RBS seeks to rebuild reputation by reimbursing £40 million for FX scandal

RBS seeks to rebuild reputation by reimbursing £40 million for FX scandal

The Royal Bank of Scotland (RBS) is taking the unusual action of reimbursing 730,000 customers of the bank for its ill-gotten forex markup gains taken by previous workers in its foreign exchange department at the bank. This particular activity of misconduct was discovered independent of what has been called the greatest FX scandal in history. Ten individual traders perpetrated this rate-rigging scheme from 2010 through 2014. The pool of funds for these paybacks is £40 million or $53 million.

According to reports from The Guardian, a spokesperson for the bank stated:

We are proactively refunding the difference, with interest, for incorrect foreign exchange rates that were applied to some international payments for certain customers between 2010 and 2014. We identified and addressed the source of the incorrect exchange rates in 2014, and put in place additional checks and controls to prevent this happening again. We apologize to those customers impacted.

Regarding the larger rate fixing scandal that also involved staff from RBS, Reuters had reported:

Allegations of widespread manipulation in the spot foreign exchange market were first reported in 2013 following the Libor scandal in 2012 where traders were found to have rigged the setting of interbank lending rates. U.S. and British authorities have since fined seven of the world’s top banks a total of around $10 billion for trying to manipulate foreign exchange rates.

Reuters subsequently reported on fines assessed specifically by the EU:

Barclays, Citigroup, JP Morgan, MUFG and Royal Bank of Scotland were fined a combined 1.07 billion euros ($1.2 billion) by the European Union on Thursday for rigging the multi-trillion dollar foreign exchange market.

In this case, traders employed various chat rooms to exchange information regarding trading strategies and how they planned to impact the subsequent fixing of rates for major currency pairs.

In this separate case at RBS, investigators were auditing another area of forex concern, when they noticed that a group of ten traders had “rigged” the markup software to add “60 pence on top of every 1,000 pounds ($1,335) sent through bank transfers overseas”. The ruse raised tens of millions of pounds for the bank, but the traders did not benefit directly from their misconduct. The funds, however, were added to a revenue pool from which bonus compensation was derived. The ten traders benefited indirectly from their misdeeds via bonus payouts, but not one of these traders is still employed by the bank.
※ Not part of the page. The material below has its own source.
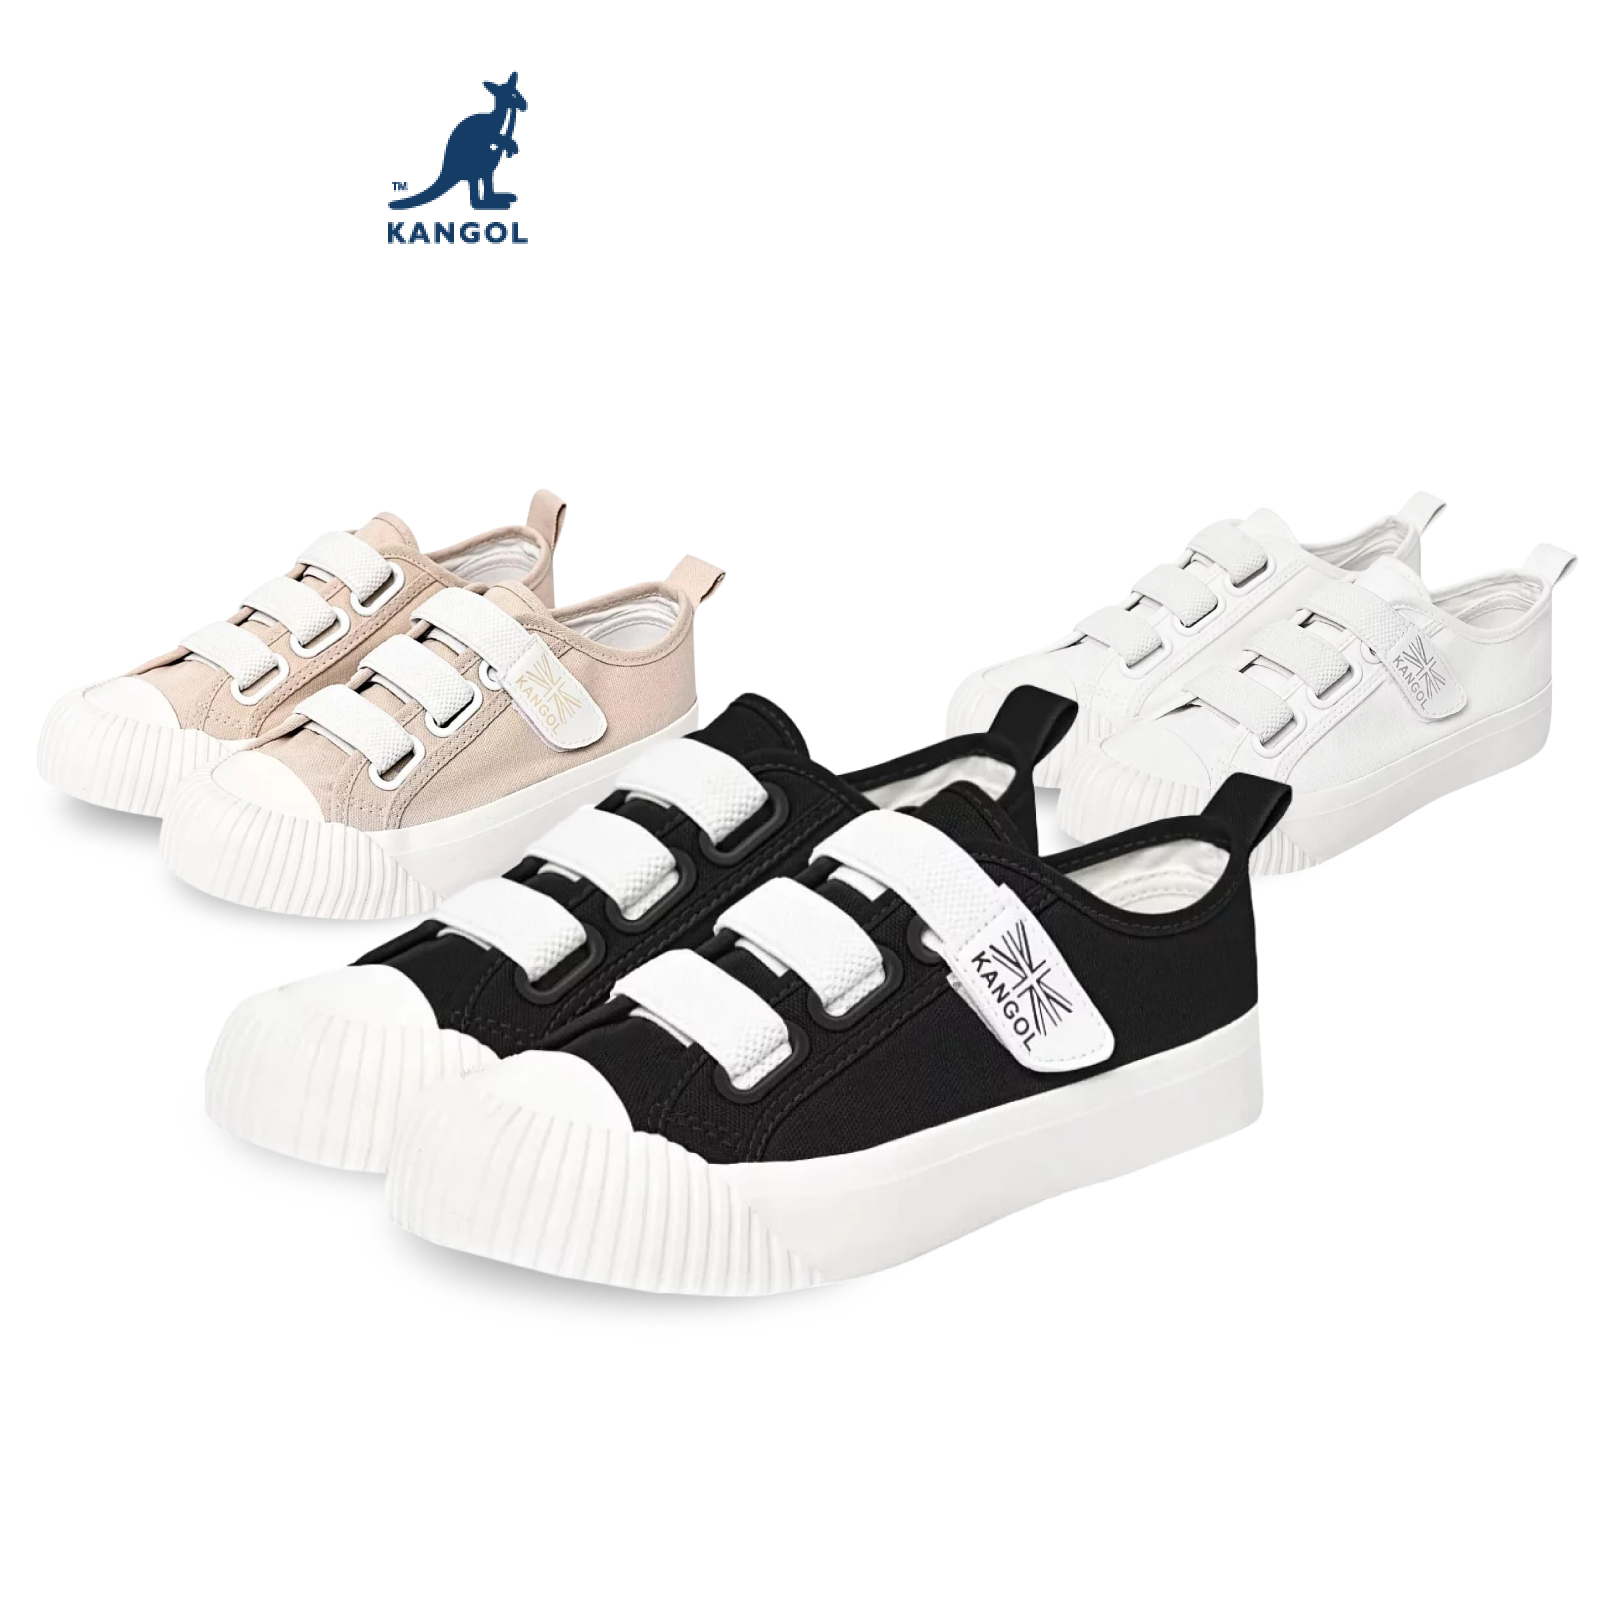 [ไซส์ใหม่มาเพิ่มพร้อมส่ง!] KANGOL Sneakers unisex รองเท้าผ้าใบ รุ่น Velco แบบแปะ สีดำ,ขาว,ครีม

This type of additional markup being added to every transaction is the first of its kind in the UK. To the credit of RBS and its new boss, Alison Rose, who assumed his post in November, the bank elected to refund customers directly, rather than wait to be ordered to do so by City authorities. After receiving severe fines for the previous FX rate-fixing scandal, the bank has instituted many new controls to prevent a reoccurrence of such previous transgressions. This new forex matter was a surprise, and the bank rightly moved quickly to repair any damage to its reputation.